I read up on that other closed bug that was similar to this one. Yes, I have expire-log-days = 14 in my.cnf and I am able to reproduce the error by following bug #37027.

What I notice, is that if mysqld doesn't have to actually purge anything from a missing binlog file, then you just get a "091009 15:16:53 [Note] Failed to execute my_stat on file '/var/lib/mysql/binlog/binlog.000001'" and the server starts fine.

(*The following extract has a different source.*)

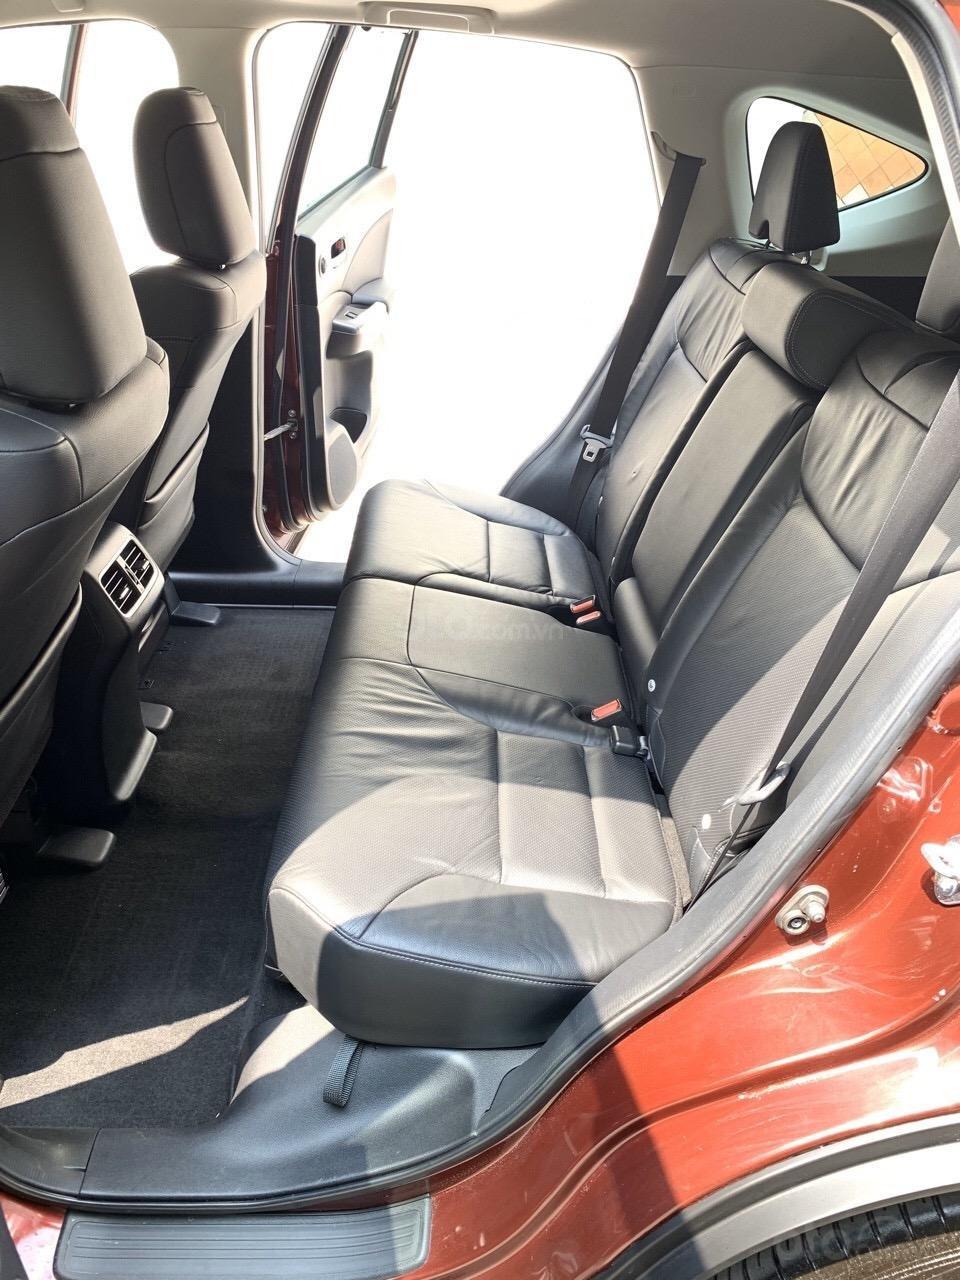 Bán Honda CRV 2.4 bản TG SX 2017 lẫy số vô lăng, xe đen bao check hãng (4)

But if mysqld determines that it needs to purge based on your expire-logs-days setting, and the binlog doesn't exist, it will crash:

091009 15:18:02 mysqld_safe Starting mysqld daemon with databases from /var/lib/mysql/data
091009 15:18:03  InnoDB: Started; log sequence number 0 507064
091009 15:18:03 [Note] NDB: NodeID is 4, management server '15000PUTL01:1186'
091009 15:18:03 [Note] NDB[0]: NodeID: 4, all storage nodes connected
091009 15:18:03 [Note] Starting Cluster Binlog Thread
091009 15:18:03 [Note] Failed to execute my_stat on file '/var/lib/mysql/binlog/binlog.000001'
091009 15:18:03 - mysqld got signal 11 ;
This could be because you hit a bug. It is also possible that this binary
or one of the libraries it was linked against is corrupt, improperly built,
or misconfigured. This error can also be caused by malfunctioning hardware.
We will try our best to scrape up some info that will hopefully help diagnose
the problem, but since we have already crashed, something is definitely wrong
and this may fail.

key_buffer_size=536870912
read_buffer_size=1048576
max_used_connections=0
max_threads=300
threads_connected=0
It is possible that mysqld could use up to
key_buffer_size + (read_buffer_size + sort_buffer_size)*max_threads = 1448953 K
bytes of memory
Hope that's ok; if not, decrease some variables in the equation.

thd: 0x0
Attempting backtrace. You can use the following information to find out
where mysqld died. If you see no messages after this, something went
terribly wrong...
stack_bottom = (nil) thread_stack 0x40000
/usr/sbin/mysqld(my_print_stacktrace+0x33)[0x909be3]
/usr/sbin/mysqld(handle_segfault+0x322)[0x616932]
/lib64/libpthread.so.0[0x3ebfc0e4c0]
/usr/sbin/mysqld[0x79aea9]
/usr/sbin/mysqld[0x6eff4e]
/usr/sbin/mysqld(_Z26ha_binlog_index_purge_fileP3THDPKc+0x1c)[0x6f1d2c]
/usr/sbin/mysqld(_ZN13MYSQL_BIN_LOG10purge_logsEPKcbbbPy+0x3cc)[0x6ae20c]
/usr/sbin/mysqld(_ZN13MYSQL_BIN_LOG22purge_logs_before_dateEl+0x18b)[0x6ae7ab]
/usr/sbin/mysqld[0x618cbd]
/usr/sbin/mysqld(main+0x6ea)[0x61b12a]
/lib64/libc.so.6(__libc_start_main+0xf4)[0x3ebf01d974]
/usr/sbin/mysqld[0x565c19]
The manual page at http://dev.mysql.com/doc/mysql/en/crashing.html contains
information that should help you find out what is causing the crash.
091009 15:18:03 mysqld_safe mysqld from pid file /var/lib/mysql/data/15000dmys02.pid ended

The original hang is caused by bug #49536.  This will be fixed in 7.0.10.

Matthew,

could you please try version 7.0.10 to see if it solved the problem.

No feedback was provided for this bug for over a month, so it is
being suspended automatically. If you are able to provide the
information that was originally requested, please do so and change
the status of the bug back to "Open".